◆ What you will do: Starting at the line holding "Ukraine 954 Youth crew neck t-shirt" and finishing at the line holding "BG-CAB-U3A20 USB 3.0", transcribe the material exactly, keeping both ends but no pictures.

◆ Study material:
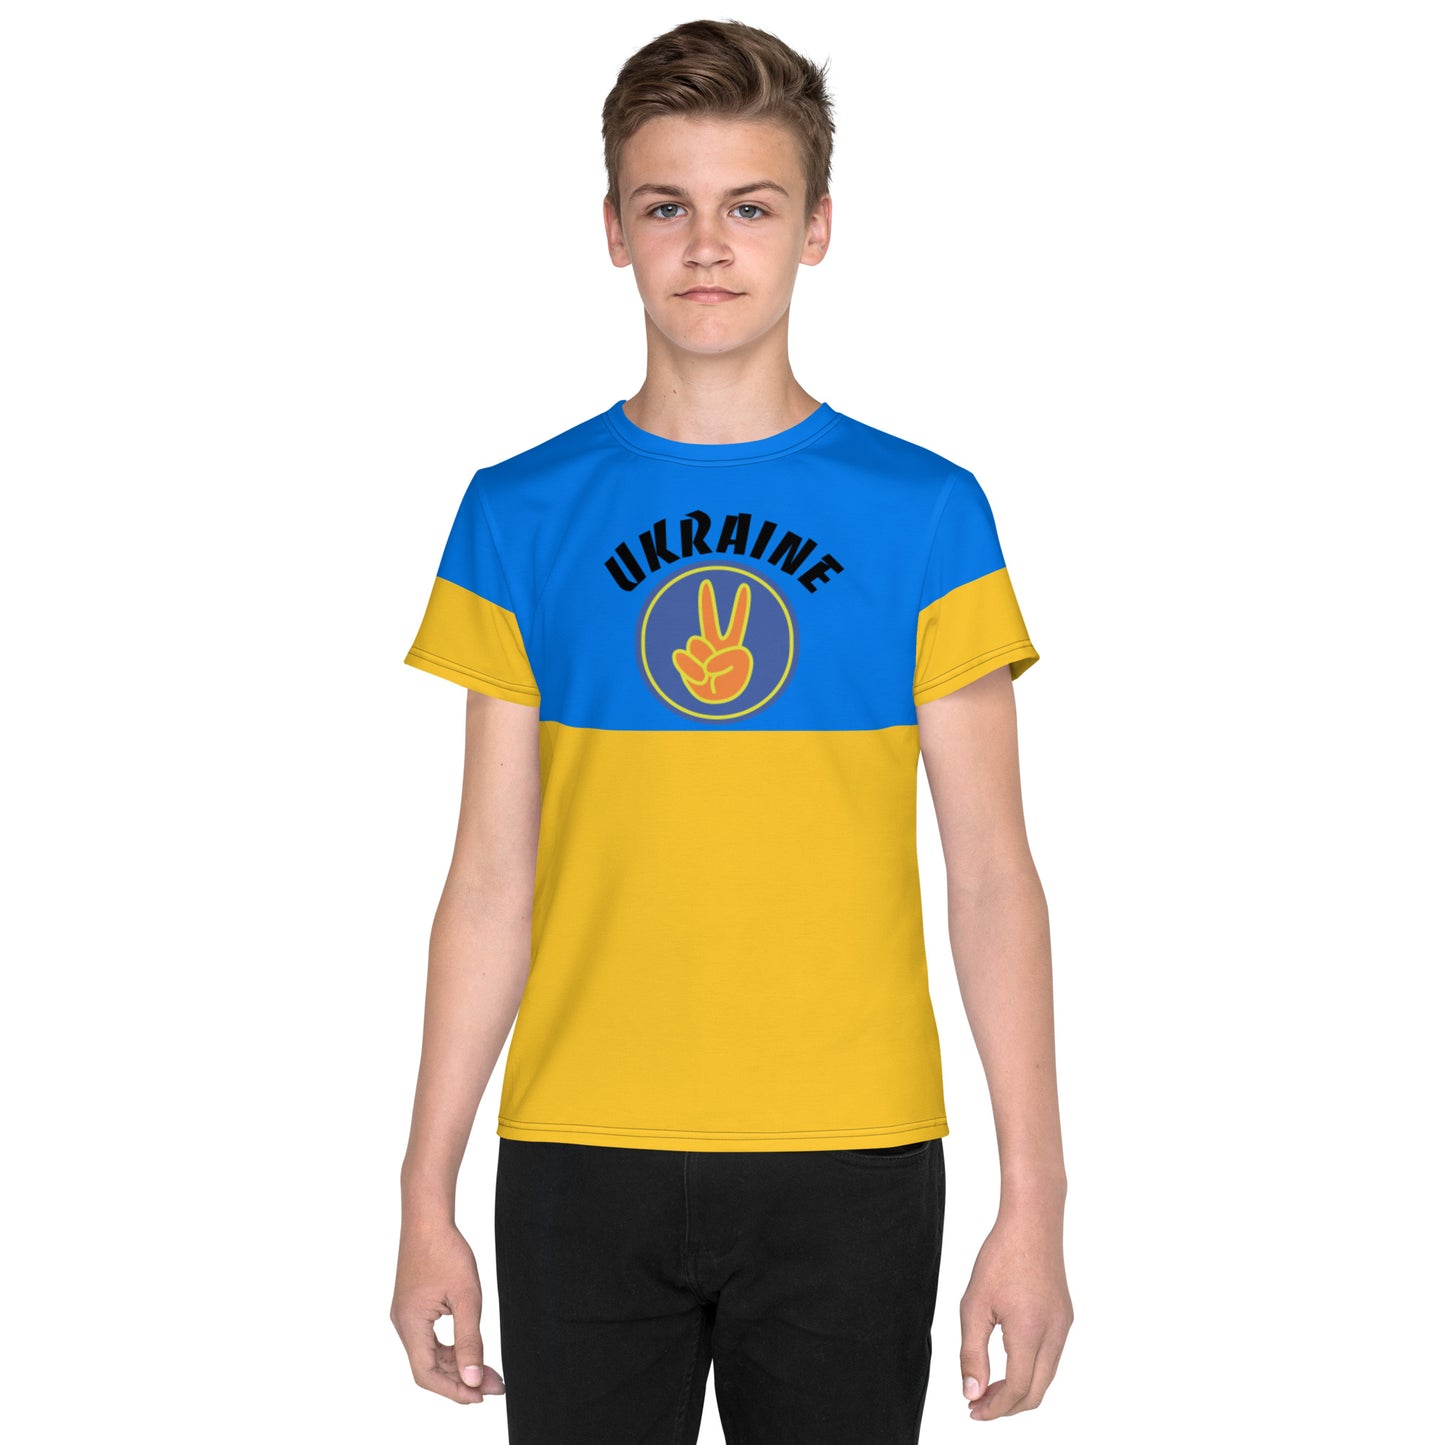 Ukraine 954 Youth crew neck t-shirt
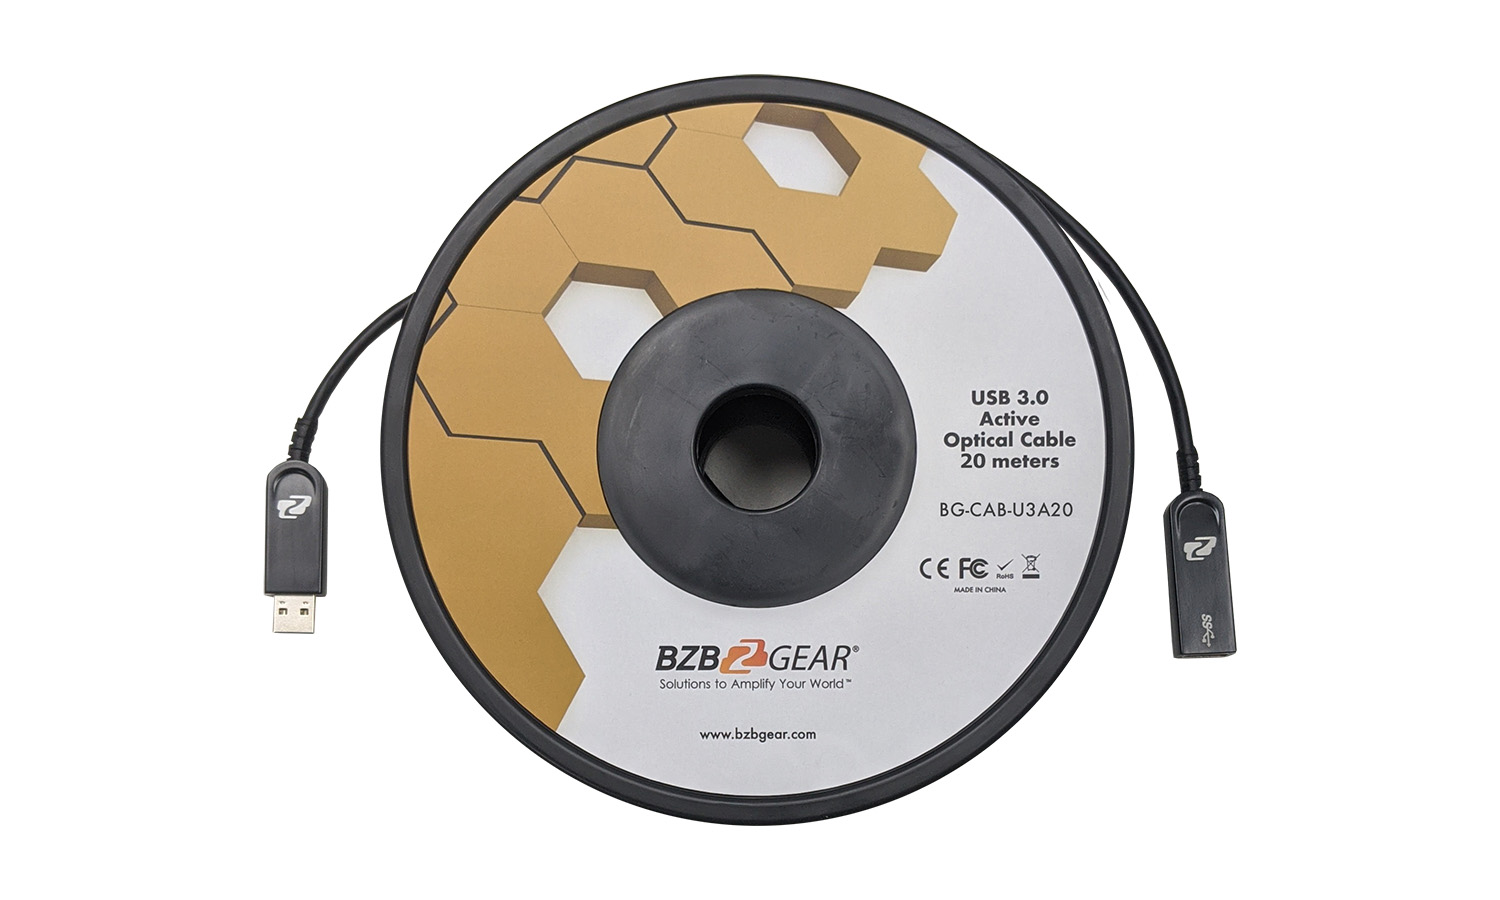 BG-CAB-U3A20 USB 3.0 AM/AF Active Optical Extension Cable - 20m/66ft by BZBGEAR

---

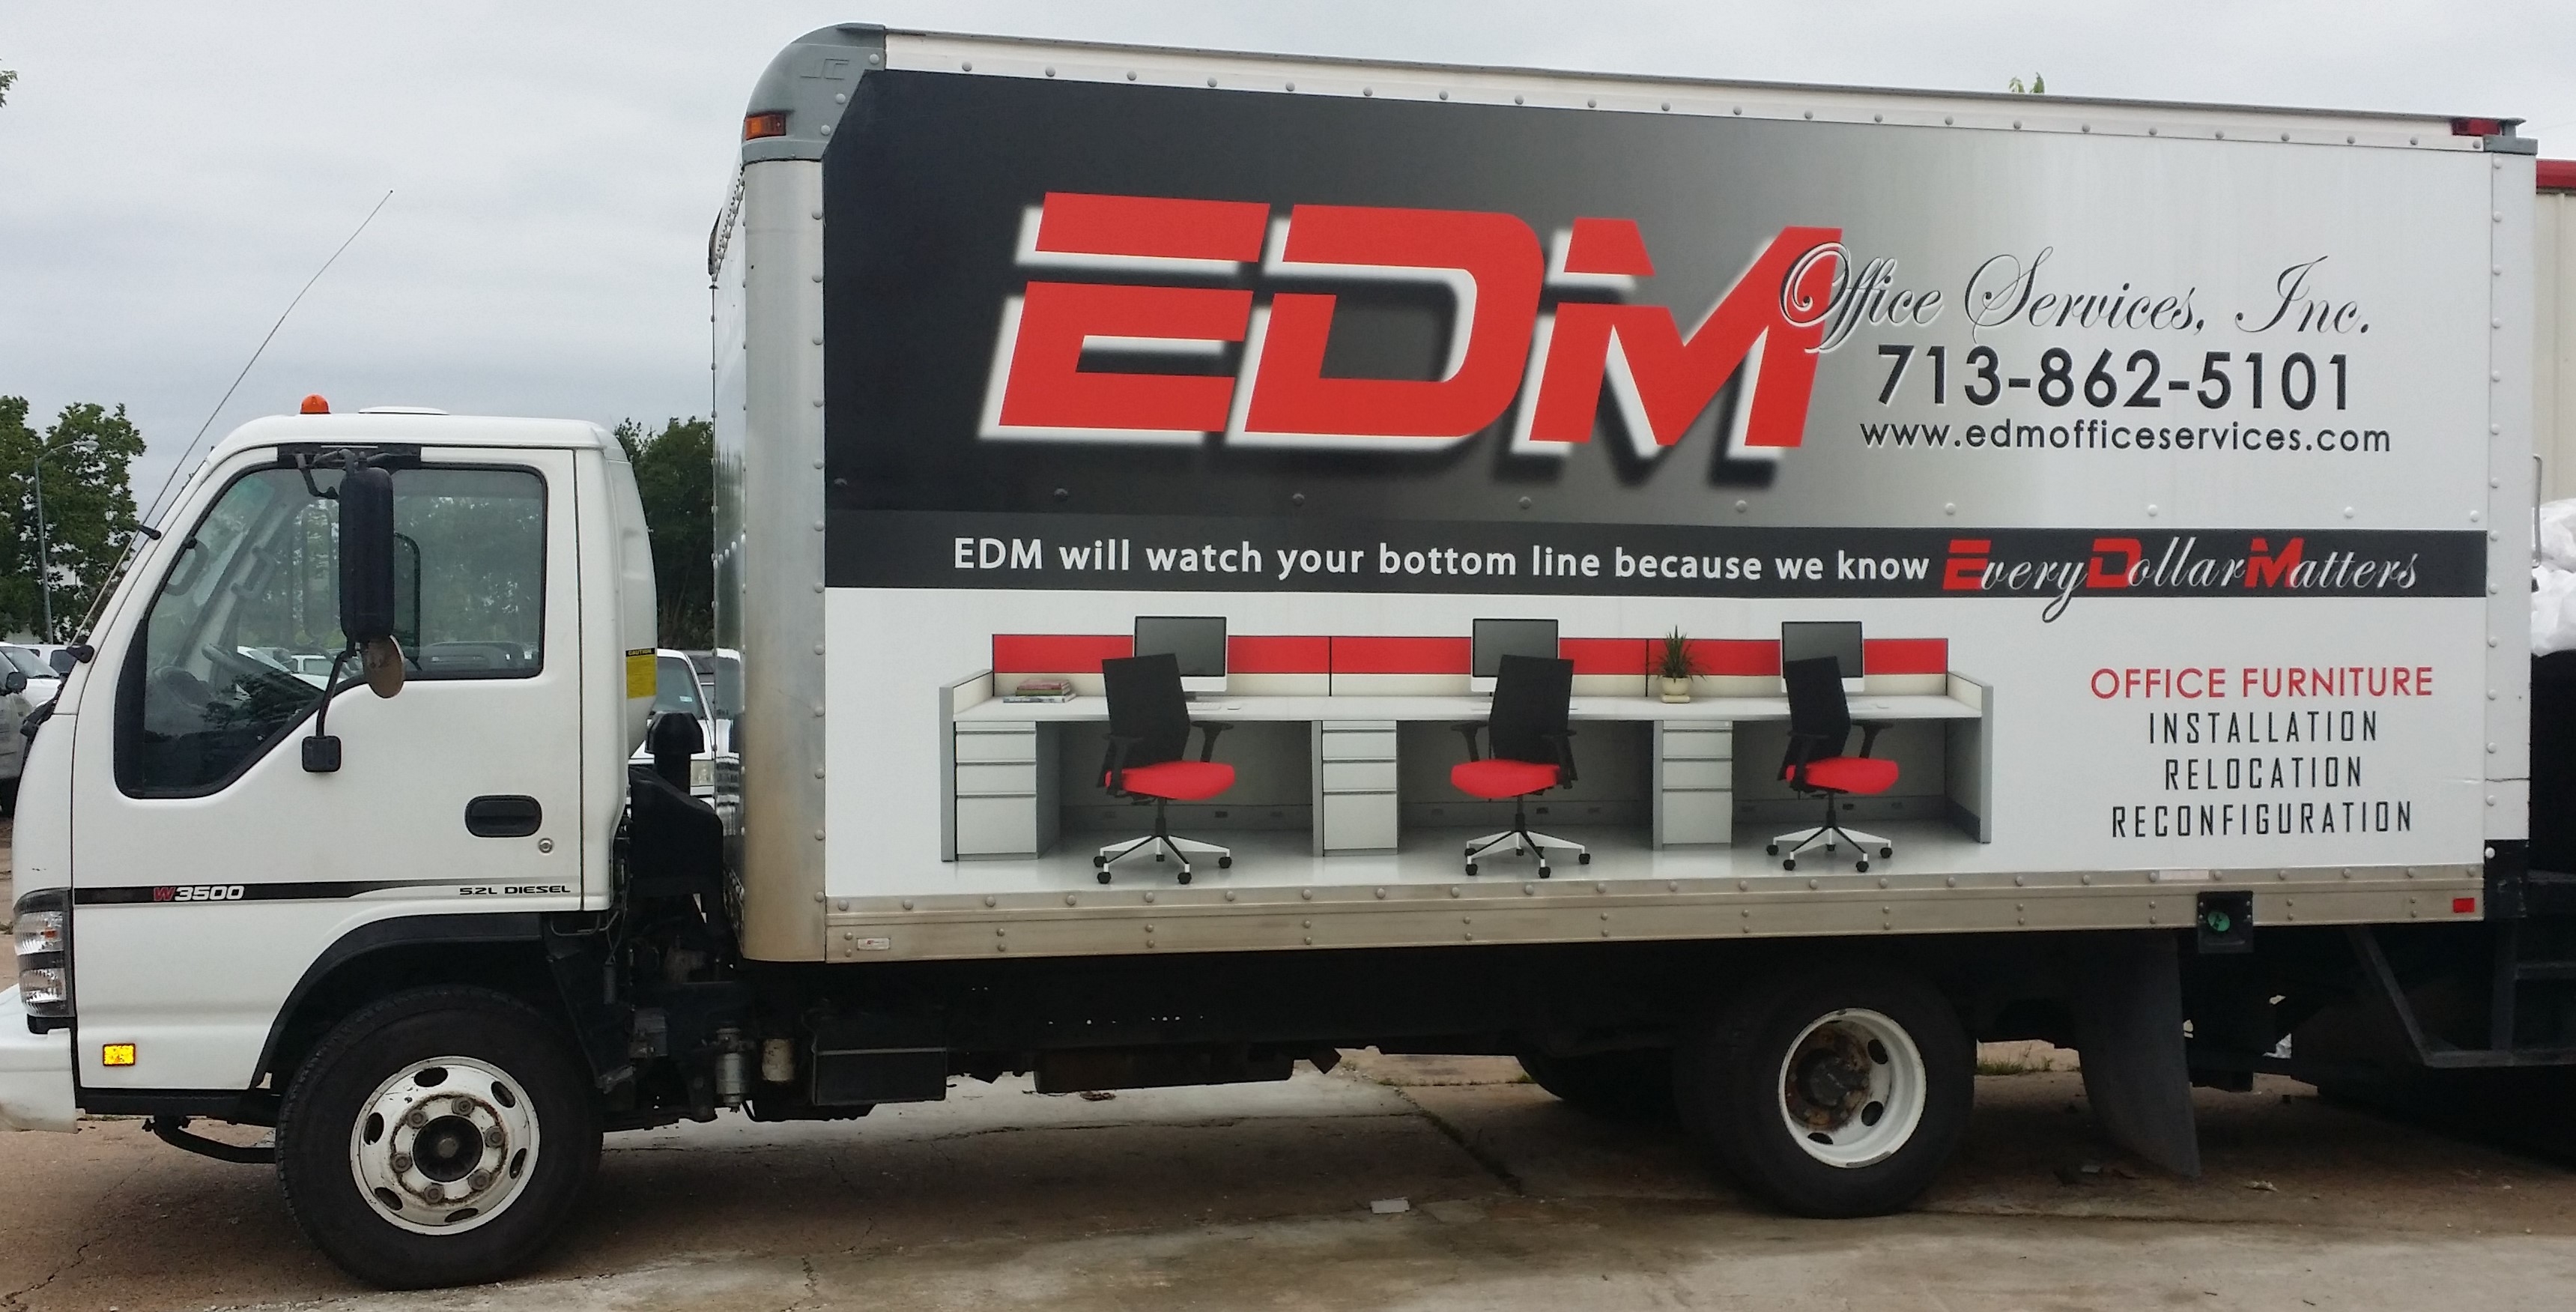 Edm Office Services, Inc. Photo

◆ Written answer:
 Ukraine 954 Youth crew neck t-shirt
 BG-CAB-U3A20 USB 3.0 AM/AF Active Optical Extension Cable - 20m/66ft by BZBGEAR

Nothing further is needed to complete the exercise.